• TASK INSTRUCTIONS:
I'd like the entire listing output verbatim, apart from the pictures.

• SUPPLIED MATERIAL:
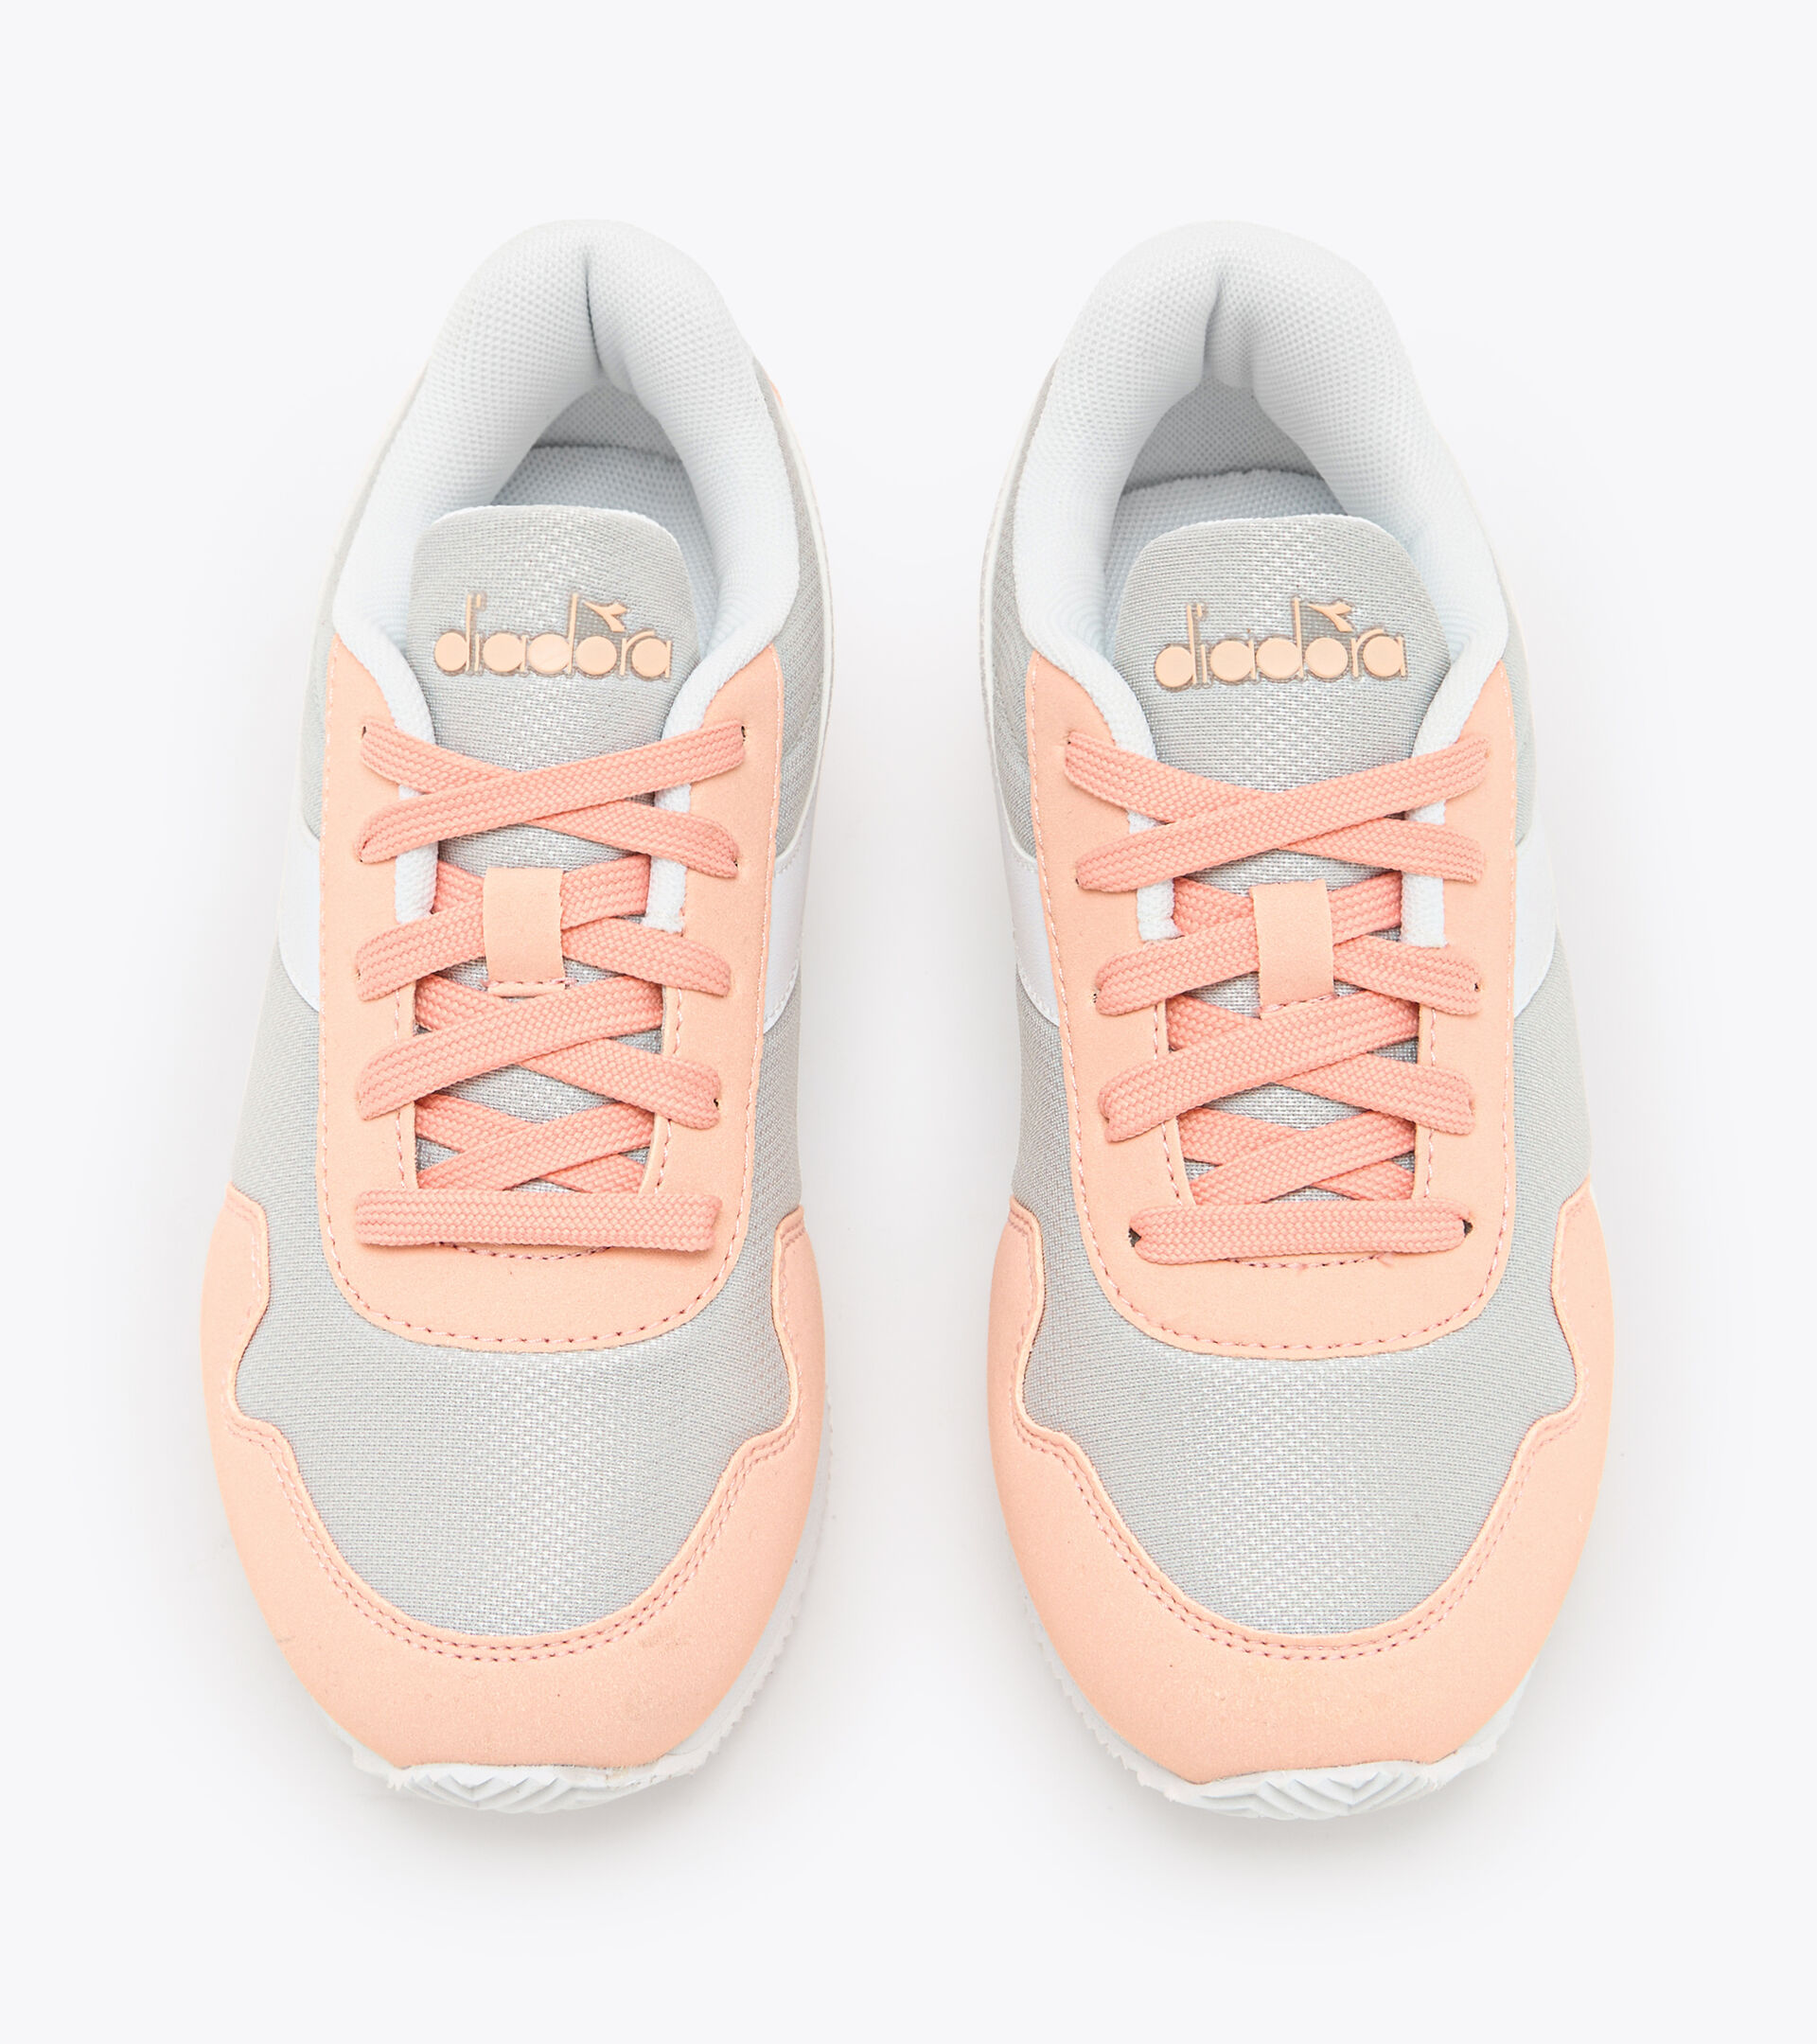 Sports shoes - Youth 8-16 years
 SIMPLE RUN GS PINK MELODY - Diadora
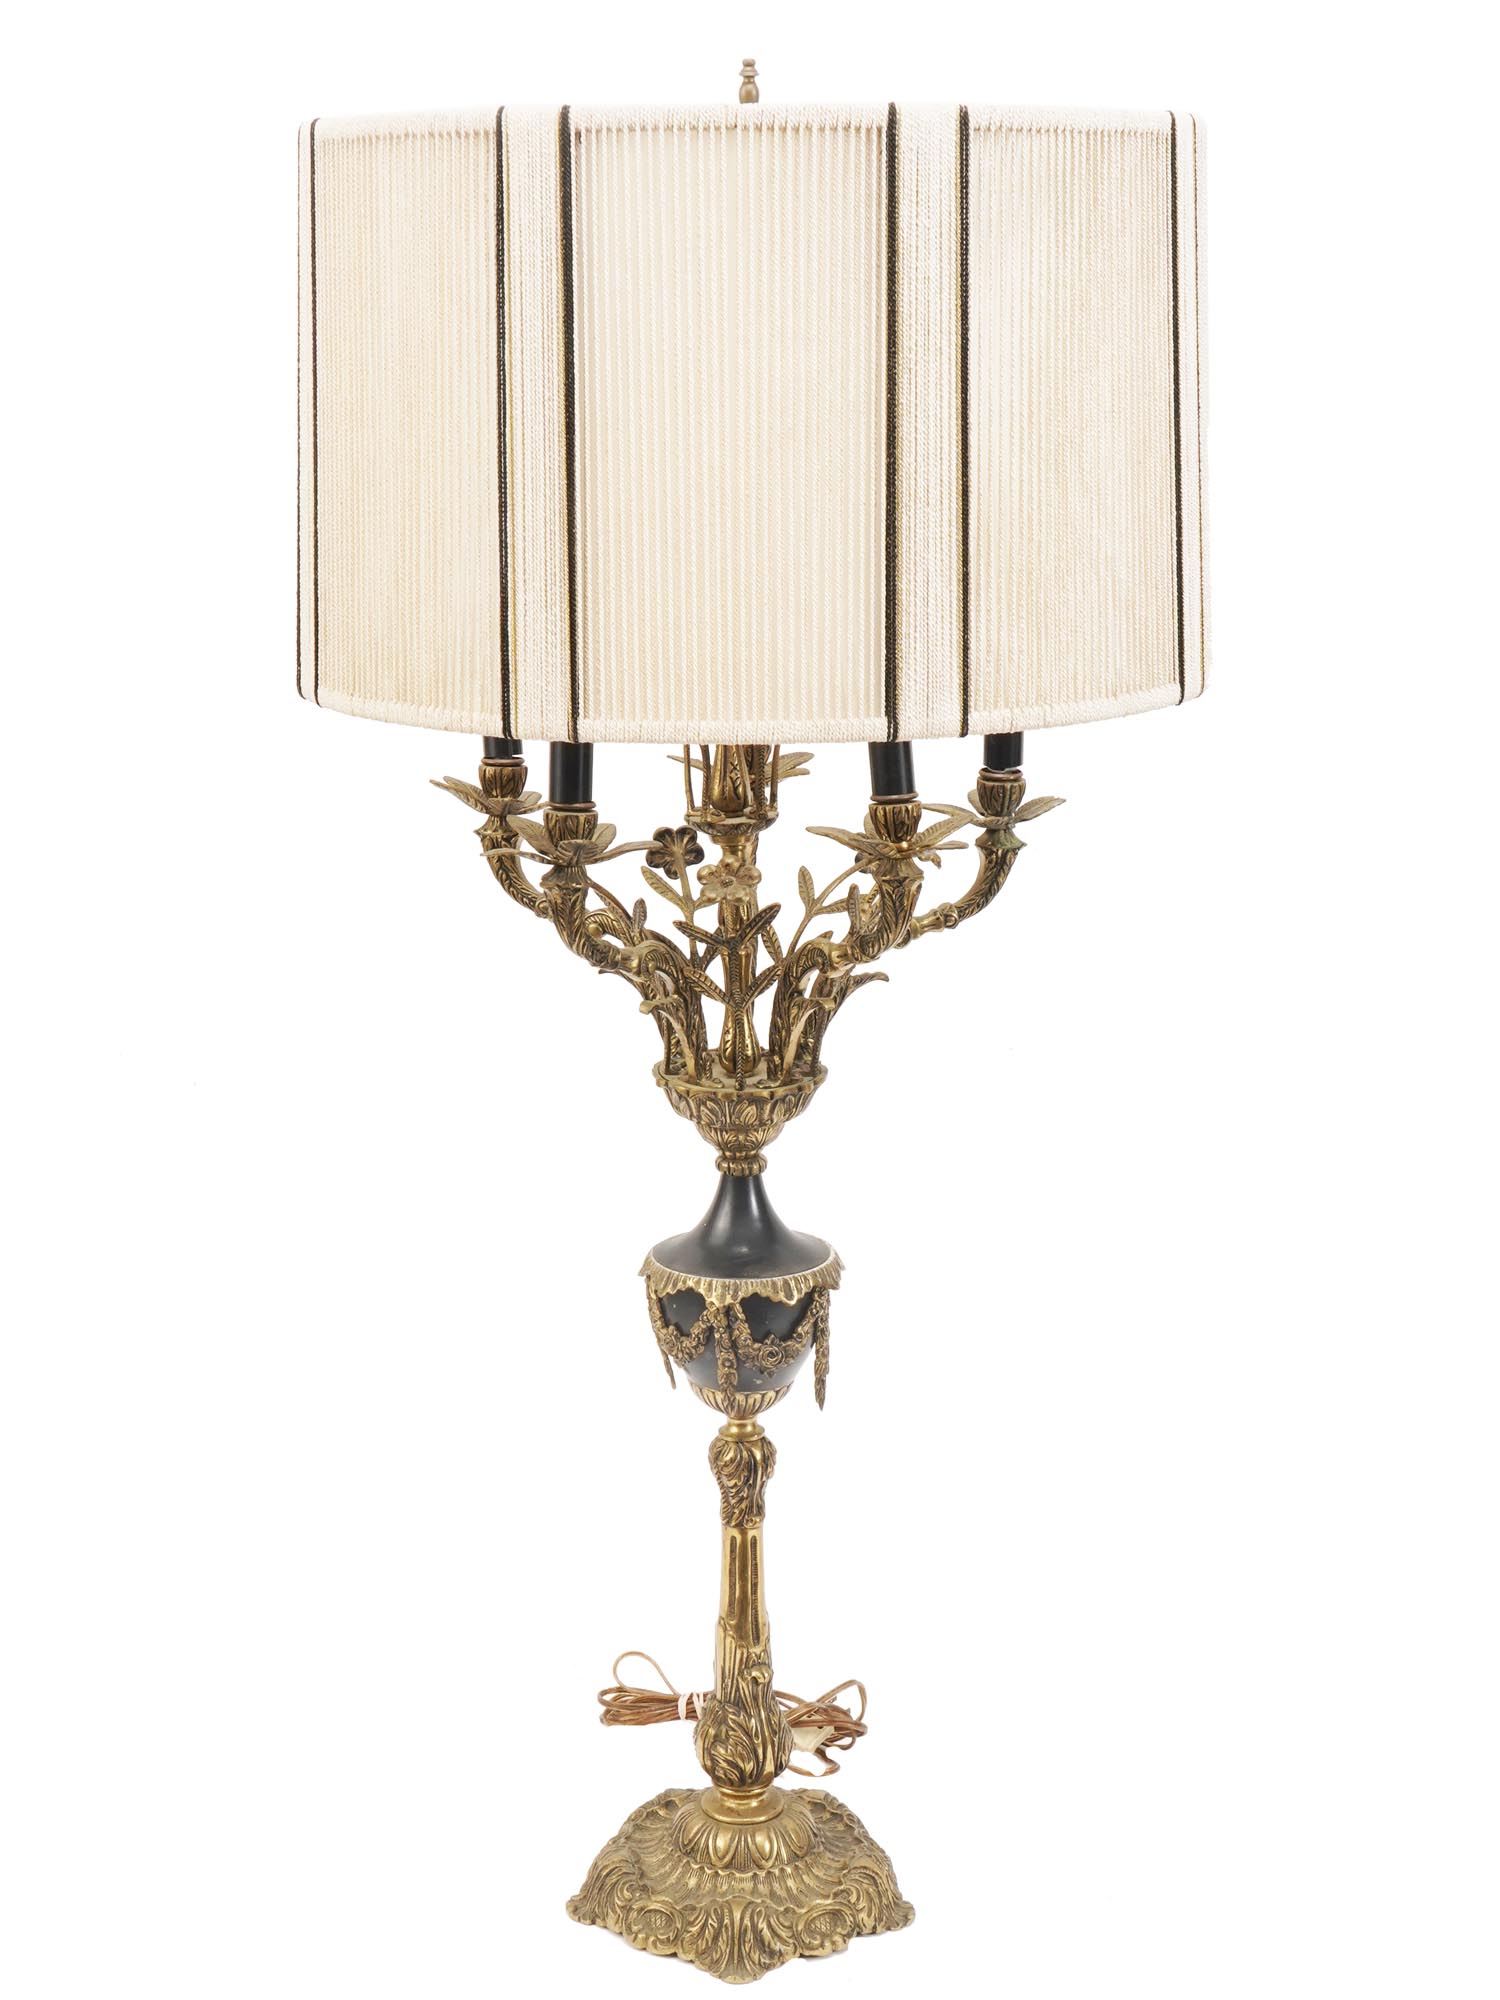 ELECTRIC WALL SCONCE AND TABLE LAMP WITH SHADE PIC-1

• RESULT OF THIS TASK:
 Sports shoes - Youth 8-16 years
 SIMPLE RUN GS PINK MELODY - Diadora
 ELECTRIC WALL SCONCE AND TABLE LAMP WITH SHADE PIC-1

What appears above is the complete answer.